After our swim, we were heading back up river toward the mouth of the Yanuyacu when the motor on the peki-peki went out. Suddenly, there we all were -- me, Kate, two Dutch people named Jenin and Arnaud and an adventure travel guide writer named Nick, Ucil and the driver, Cleever -- adrift on the Amazon with only *one* paddle. The current in the river is strong, and I don't know that this one paddle could've even gotten us to shore. Fortunately, another group from the lodge had taken a similar trip -- no canoeing, no village -- to see the dolphins and were downstream of us. About half an hour later, they came along and one 15 HP little peki-peki motor towed our boats -- first as a flotilla, then as a direct tow -- back to the lodge. This was a difficult task, as the Yanuyacu's mouth is narrow and quite shallow in the dry season. We got stuck several times, and the swift current we were going against made the going *very slow.* It was three hours from the time they rescued us until we got back to the lodge, probably a journey of 45 minutes or an hour in a properly powered boat that isn't loaded with goods in addition to its passengers.
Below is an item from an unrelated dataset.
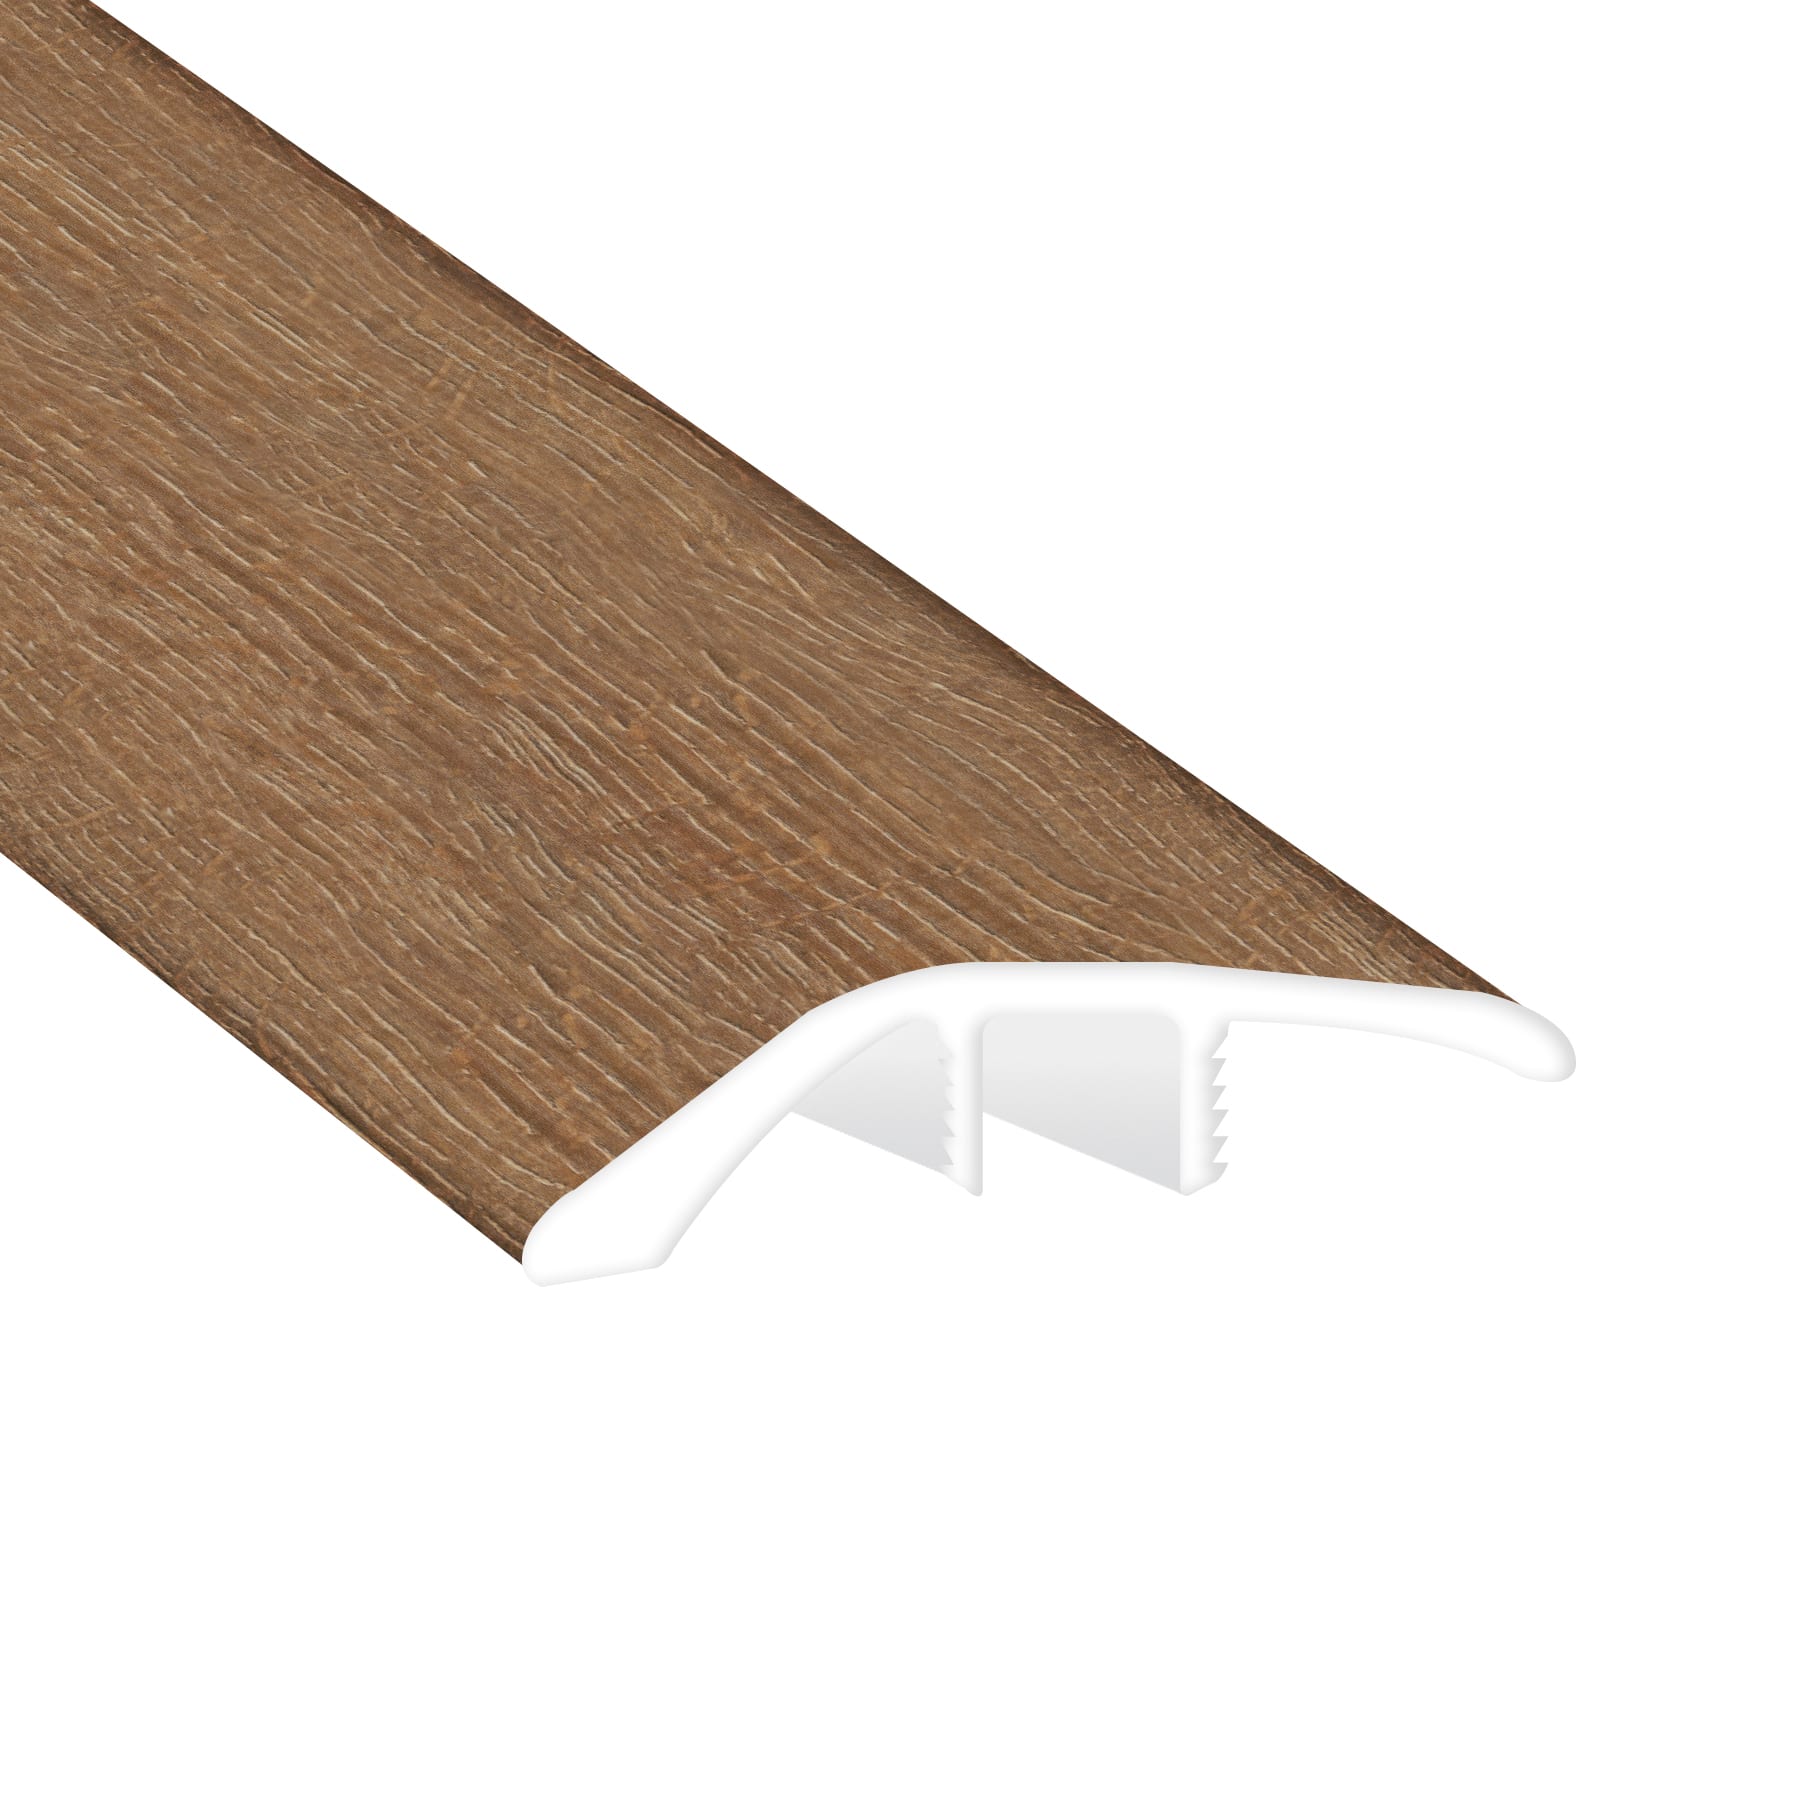 Sagrada Oak Waterproof 1.89 in. Wide x 7.5 ft. Length Low Profile Reducer

Darkness fell, the mosquitos came out, Cleever took a serious interest in my marital status (Thank god for the "boyfriends," Thor & Bob, who are "surfing in Mancora" while Kate and I visit the jungle), as well as wanting to know all about my plans for childbirth (soon, I told him). But Cleever also found something for me in the darkness. I asked, and he happily pointed out the Southern Cross. There it was. My first time to see the Southern Cross. And in the Amazon to boot.